再也不闹着要糖葫芦,再也不缠着王牧出去玩。

每日天一亮,就跟着王牧一起读书,从早到晚,从不间断。

王仁带头,捧着《论语》一字一句地念,念完了就闭目凝神,运转文道功法,周身气息越来越稳。

王义也不再调皮,盘腿坐在床上,一脸认真,周身文气流转,一日比一日浓郁。

王礼懵懵地跟着哥哥们,虽说不甚明白,却也一本正经地读著书,偶尔还能问出一两个让人意外的问题。
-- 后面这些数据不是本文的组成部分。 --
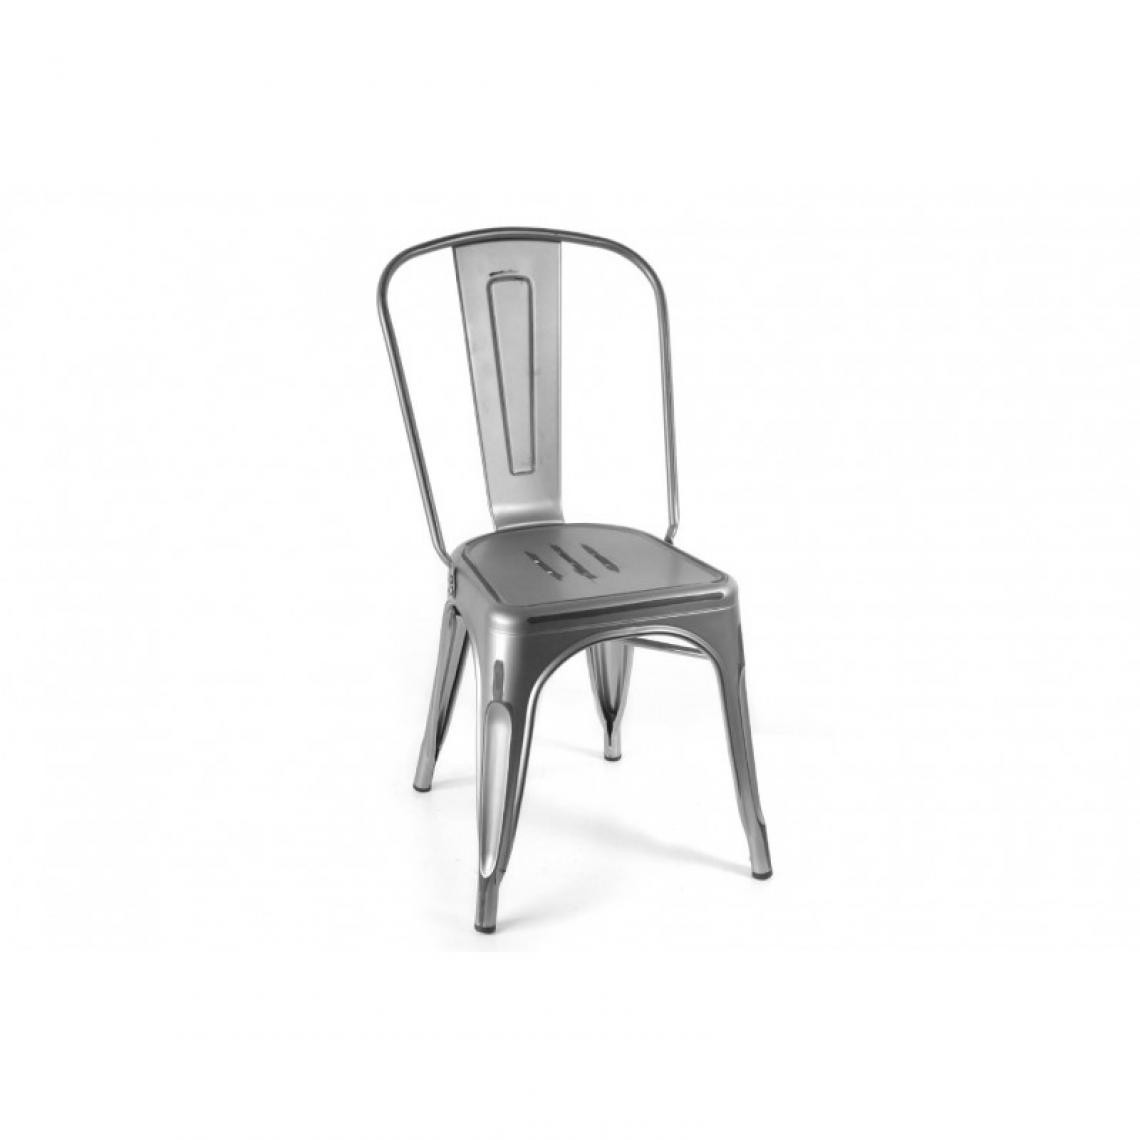 Webmarketpoint - Chaise de cuisine en métal gris style urbain cm 51 x 44x 86 h - Chaises

王智最是用功,不仅读完了王牧带的书,还央求王牧去书铺买了几本新的,日夜钻研,进步神速。

最小的王贤被哥哥们带着,

也学会了端端正正地坐着,

小嘴里念念有词,偶尔还会奶声奶气地背上一段——“子曰学而时习之”。

王牧看着他们,心中又是欣慰又是心疼。

这一日,王牧正读著书,忽然感觉到一股温润、醇厚、中正的气息,从五子身上缓缓散开。

他擡头一看,整个人都愣住了。

五子周身,萦绕着淡淡的清光。

那光芒温润如玉,中正平和,正是文气凝聚到极高境界的标志。

王仁睁开眼,眼中精光一闪,又迅速敛去,气度已然不输成年士子。

王义嘿嘿一笑,得意洋洋:“爹,我们好像......变厉害了!”

王礼懵懵地摸了摸自己的脸:“我是不是变聪明了?感觉脑子清亮多了。”

王智淡淡道:“文气已入佳境,如今我们的文气,应该不输寻常举人了。”

王贤窝在王牧怀里,仰着小脸,奶声奶气地问: “爹爹,我们现在能陪着你了吗?”

王牧看着他们,眼眶微微发热,心中翻涌着暖意与骄傲。

短短数日,这几个孩子竟将文气修到了这般地步。

举人层次。

甚至超过普通举人。

有了这身文气,他们就算被人看见,也可解释为“文气护体”的读书人,不会引人丝毫怀疑。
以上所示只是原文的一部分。